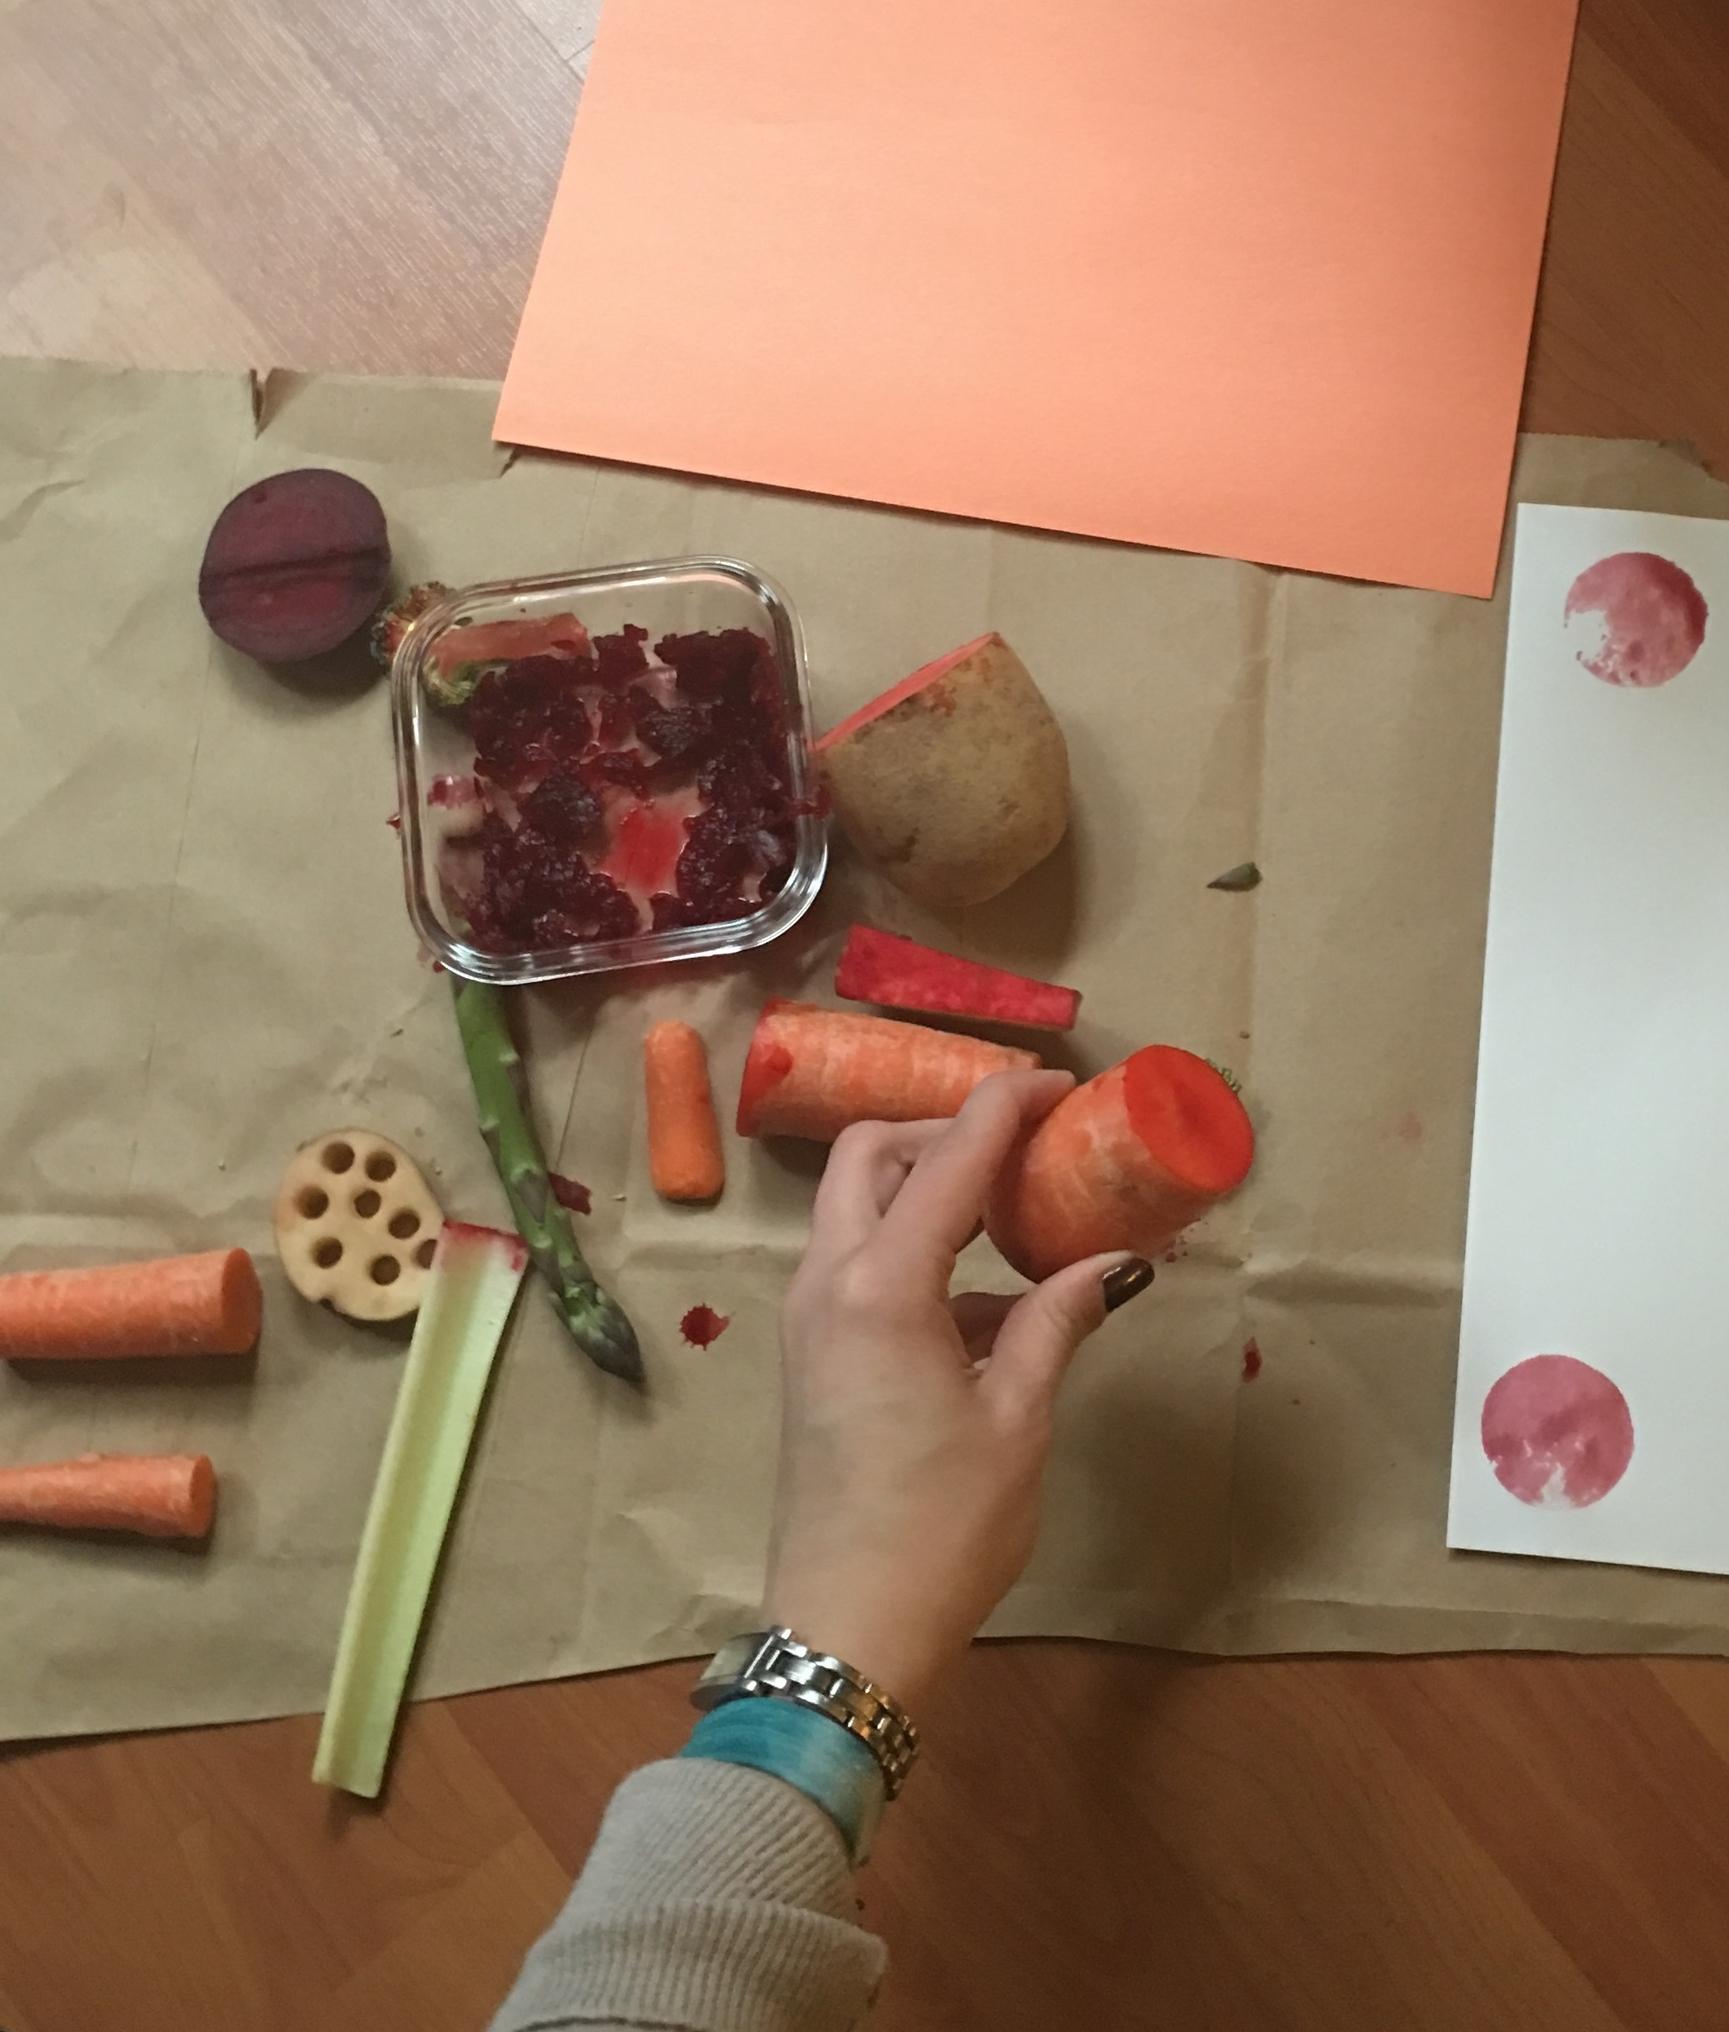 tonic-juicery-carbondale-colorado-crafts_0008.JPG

------------------------------------------------------------------------

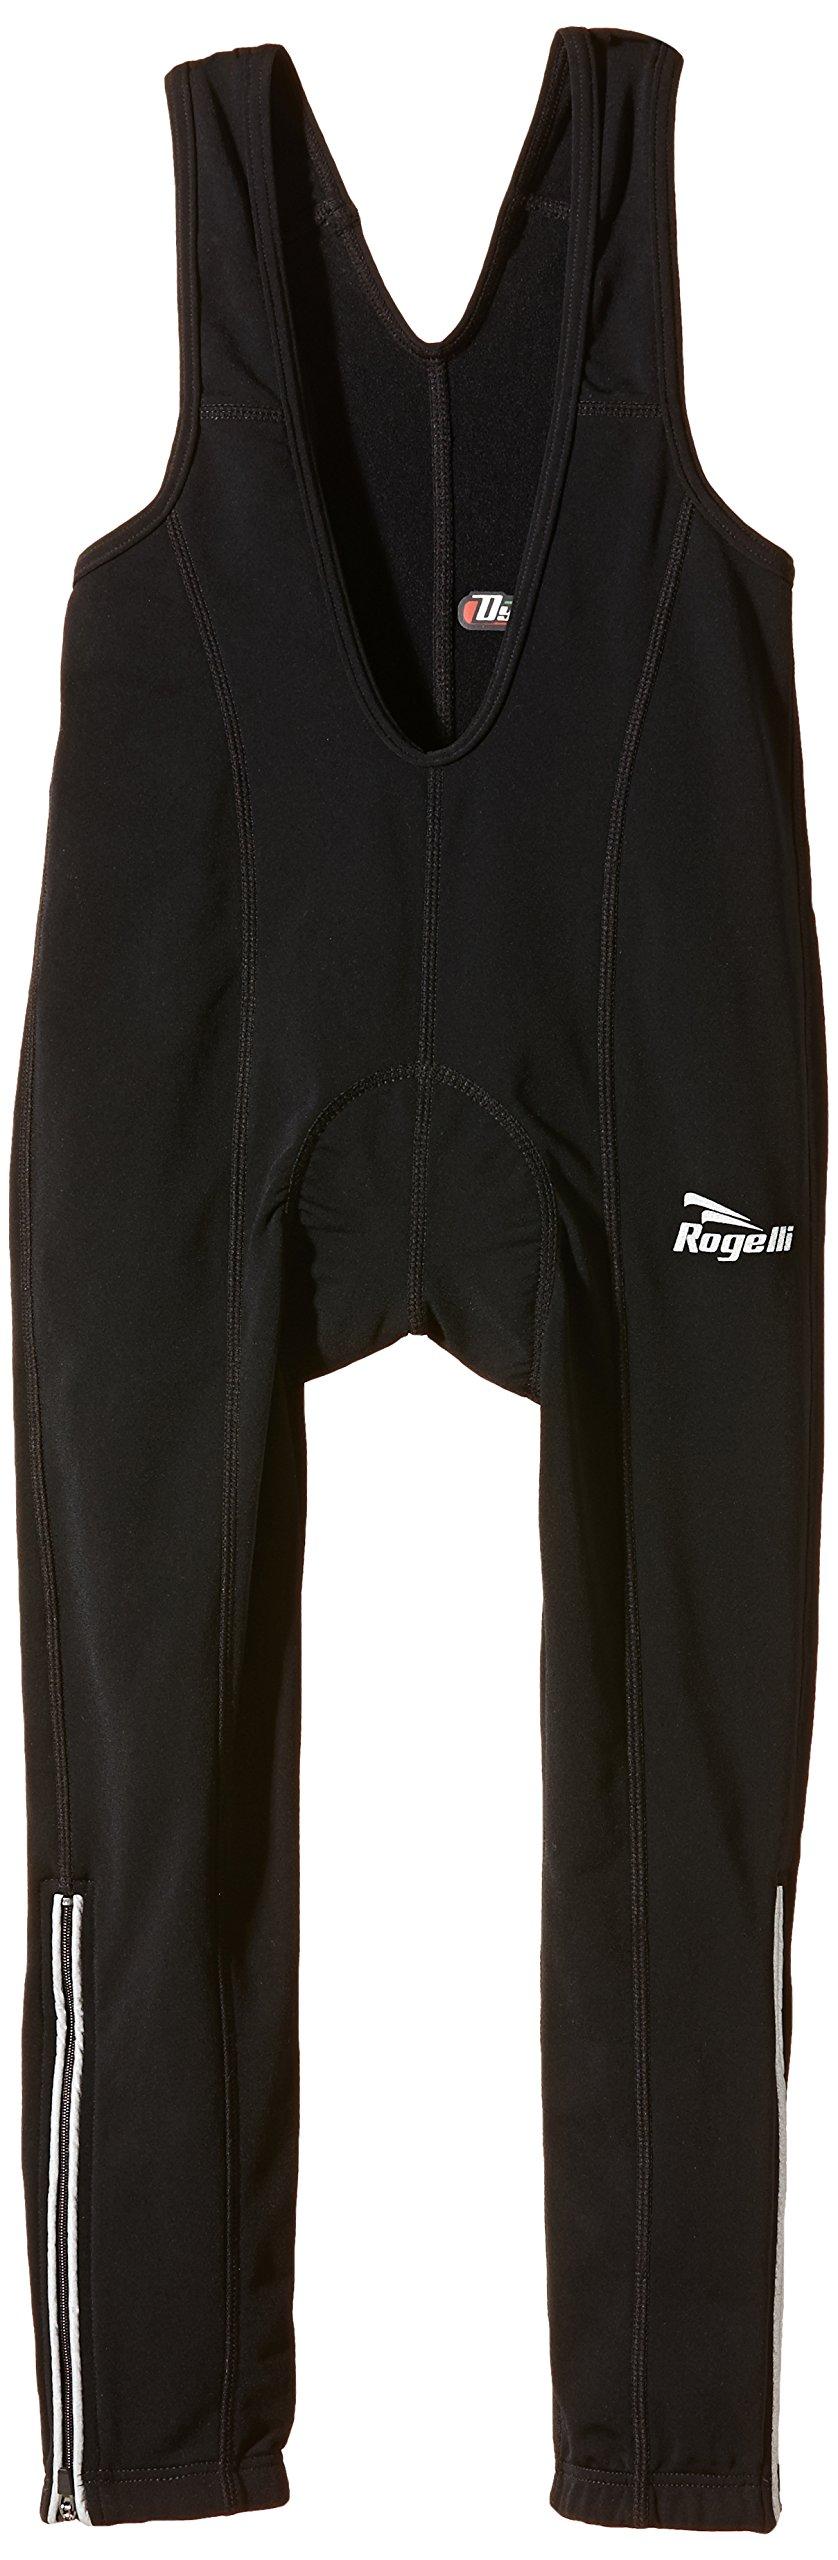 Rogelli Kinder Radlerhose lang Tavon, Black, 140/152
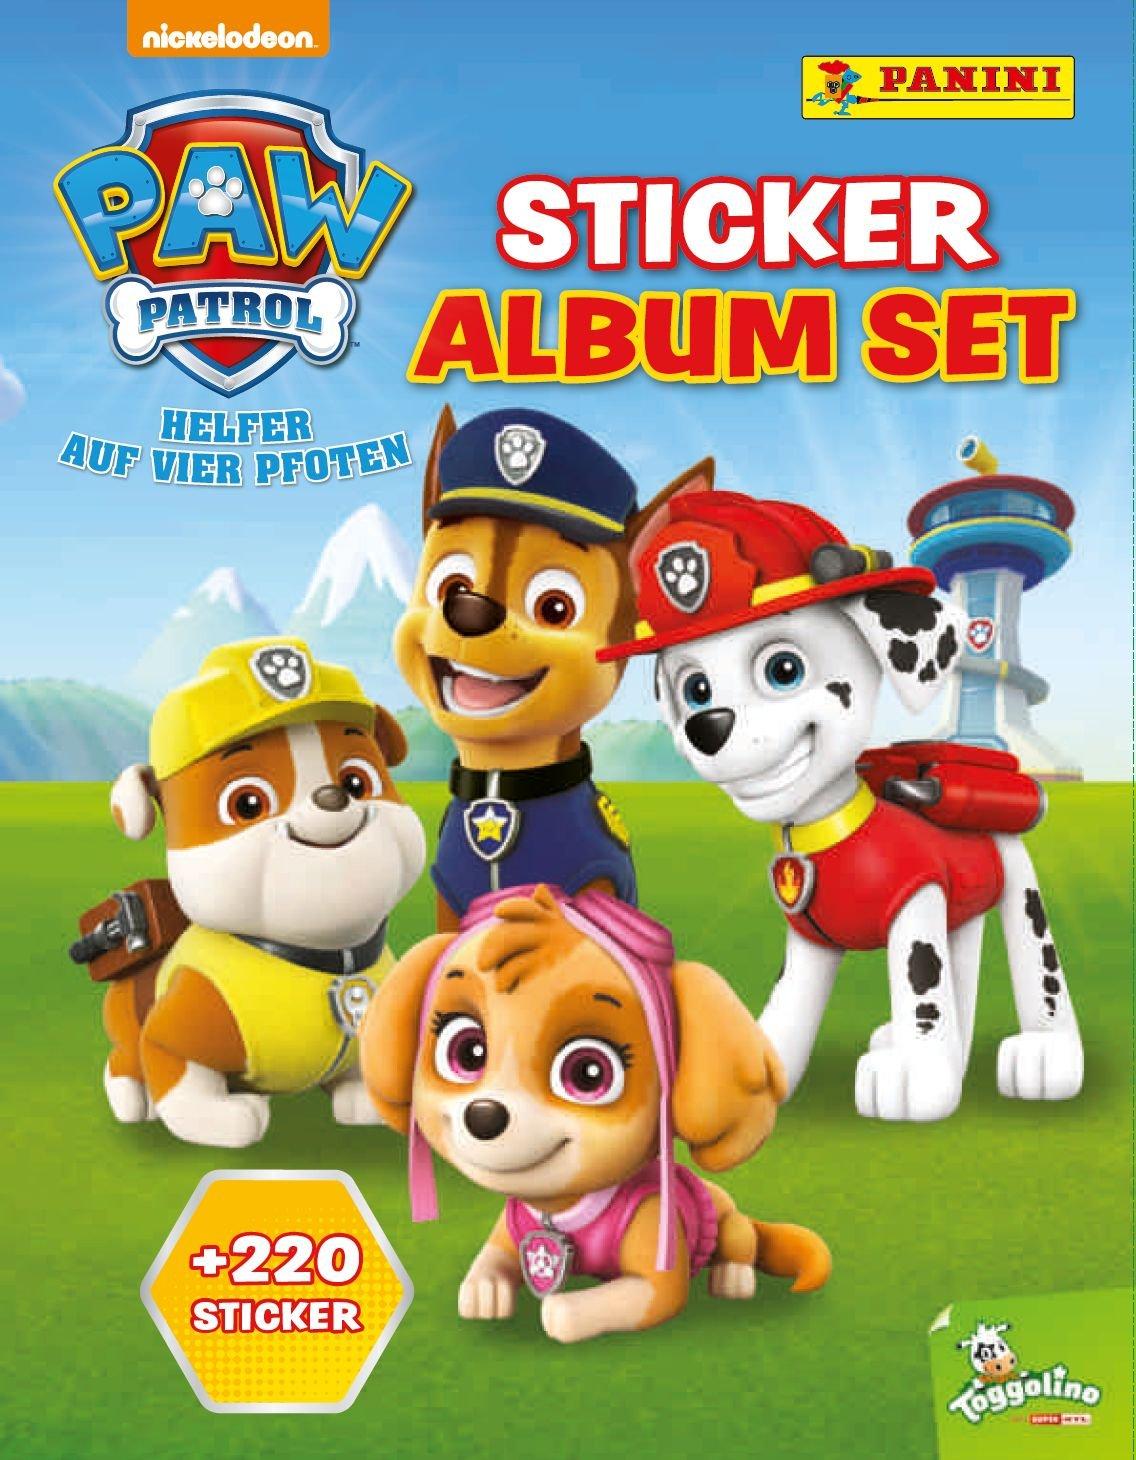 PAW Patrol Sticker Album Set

------------------------------------------------------------------------

» How to complete this task
Using the data above, retype exactly the lines from the line with "Rogelli Kinder Radlerhose" to the line with "PAW Patrol Sticker Album Set", inclusive. No pictures and nothing else.

» Solution below
 Rogelli Kinder Radlerhose lang Tavon, Black, 140/152
 PAW Patrol Sticker Album Set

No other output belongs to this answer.